You are viewing a plain text version of this content. The canonical link for it is here.
Posted to j-dev@xerces.apache.org by Joseph Shraibman <jk...@selectacast.net> on 2004/02/11 04:39:25 UTC
PERFORMANCE: XMLDocumentFragmentScannerImpl.scanAttribute()
I recently profiled a program of mine, and the top two stack traces were:
CPU SAMPLES BEGIN (total = 4019) Tue Feb 10 01:23:18 2004
rank self accum count trace method
1 17.54% 17.54% 705 4454 java.lang.String.<init>
2 17.52% 35.06% 704 4463 org.apache.xerces.xni.XMLString.toString
3 7.86% 42.92% 316 4459 java.lang.StringBuffer.toString
4 7.56% 50.49% 304 4458 java.lang.StringBuffer.<init>
5 7.51% 58.00% 302 4475
com.xtenit.xml.PathContentHandler.setCurrPath
6 7.39% 65.39% 297 4474 java.lang.StringBuffer.toString
7 6.87% 72.26% 276 4472 java.lang.StringBuffer.<init>
8 6.82% 79.07% 274 4468
com.xtenit.xml.PathContentHandler.setCurrPath
9 5.55% 84.62% 223 4469 java.lang.StringBuffer.expandCapacity
10 1.39% 86.02% 56 4473 java.lang.StringBuffer.expandCapacity
TRACE 4454:
java.lang.String.<init>(String.java:199)
org.apache.xerces.xni.XMLString.toString(<Unknown>:Unknown line)

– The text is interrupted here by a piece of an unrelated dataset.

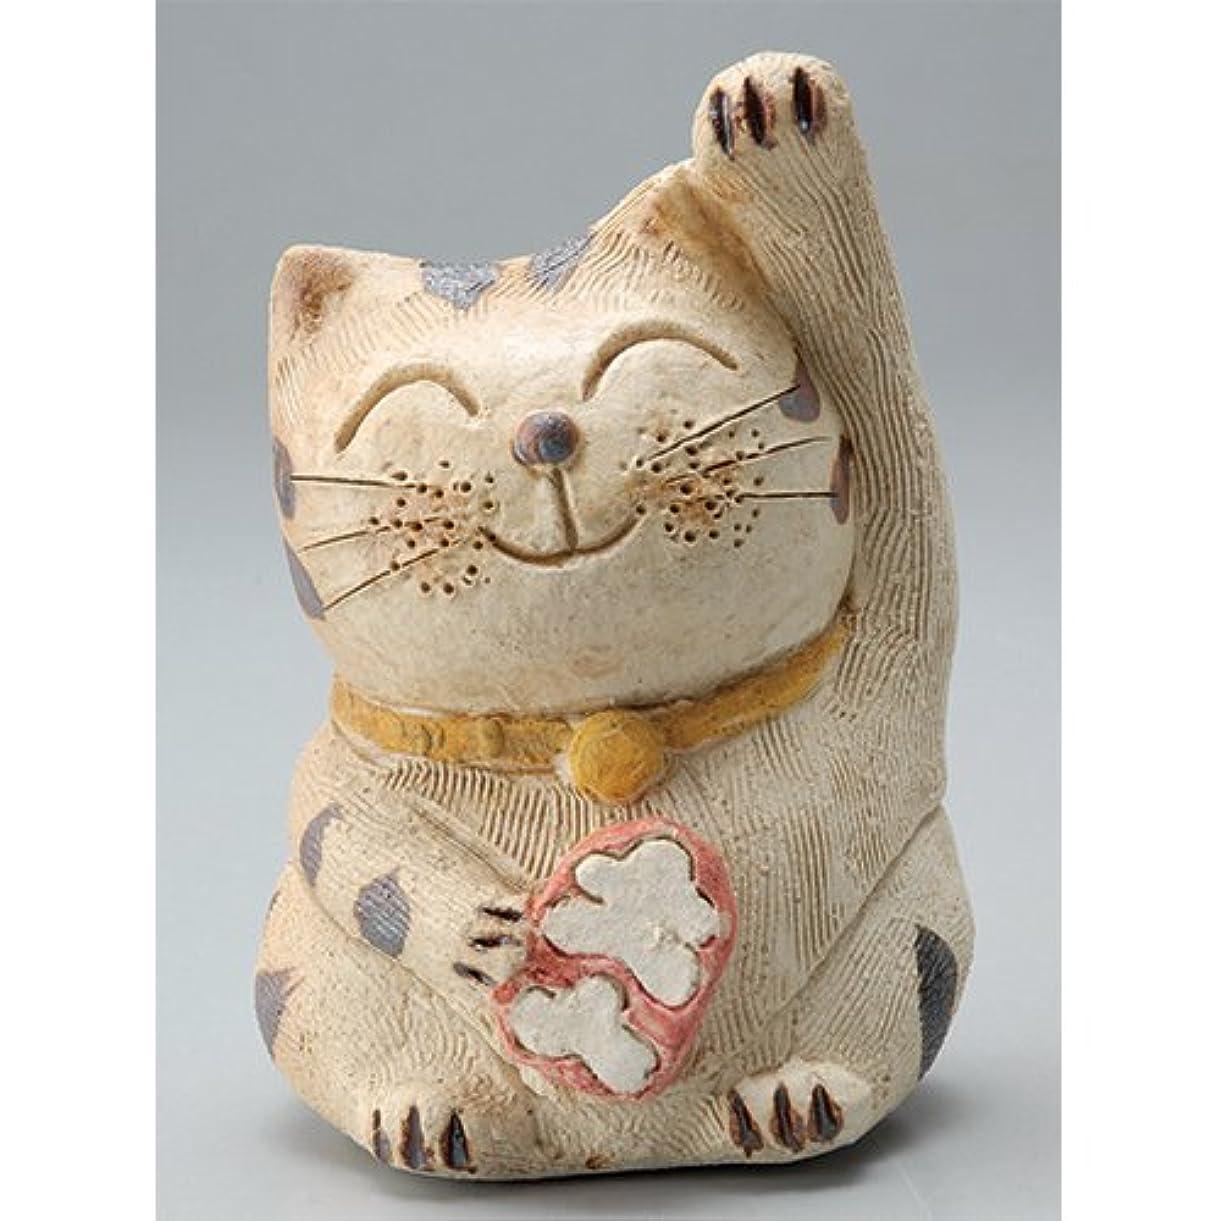 記念日祖先ソケット香炉 微笑み招き猫(人招き)香炉(小) [H8.5cm] HANDMADE プレゼント ギフト 和食器 かわいい インテリア

org.apache.xerces.impl.XMLDocumentFragmentScannerImpl.scanAttribute(<Unknown>:Unknown
line)
org.apache.xerces.impl.XMLDocumentFragmentScannerImpl.scanStartElement(<Unknown>:Unknown
line)
TRACE 4463:
org.apache.xerces.xni.XMLString.toString(<Unknown>:Unknown line)

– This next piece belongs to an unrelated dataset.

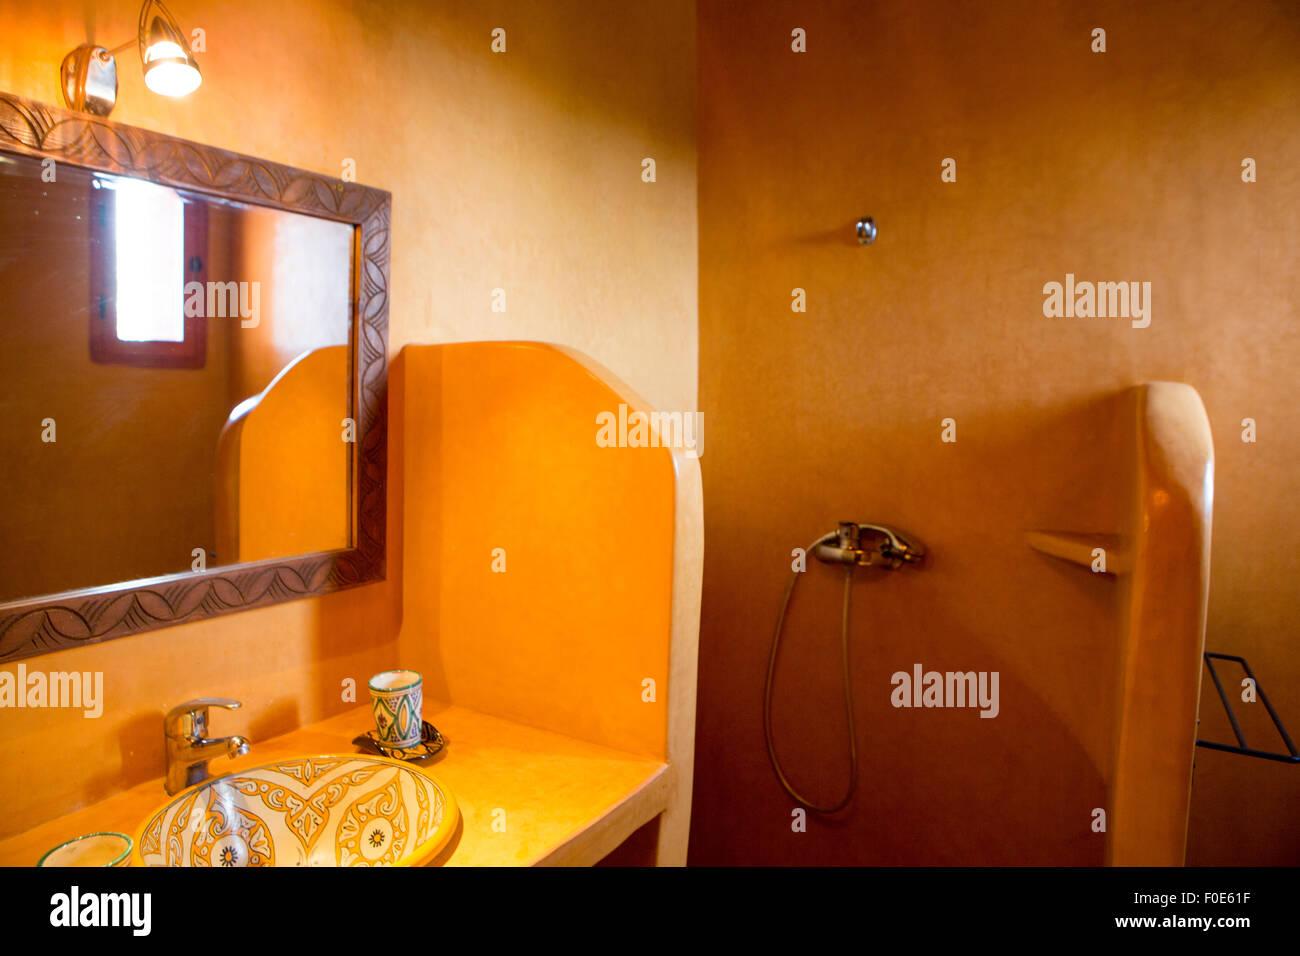 Tadlek Photos & Tadlek Images - Alamy

org.apache.xerces.impl.XMLDocumentFragmentScannerImpl.scanAttribute(<Unknown>:Unknown
line)
org.apache.xerces.impl.XMLDocumentFragmentScannerImpl.scanStartElement(<Unknown>:Unknown
line)
org.apache.xerces.impl.XMLDocumentFragmentScannerImpl$FragmentContentDispatcher.dispatch(<Unknown>:Unknown
line)
=================================
I notice in scanAttribute():
scanAttributeValue(fTempString, fTempString2,
fAttributeQName.rawname, attributes,
attrIndex, isVC,fCurrentElement.rawname);
attributes.setValue(attrIndex, fTempString.toString());
attributes.setNonNormalizedValue(attrIndex,
fTempString2.toString());
The only time fTempString is not the same as fTempString2 is when the
value has either a non space whitespace char (\r\n\t) or there is an
entity (&string;). The vast majority of the time they are in fact the
same (at least with the xml I'm dealing with) so it seems to me we can
get rid of one of the two toString() calls.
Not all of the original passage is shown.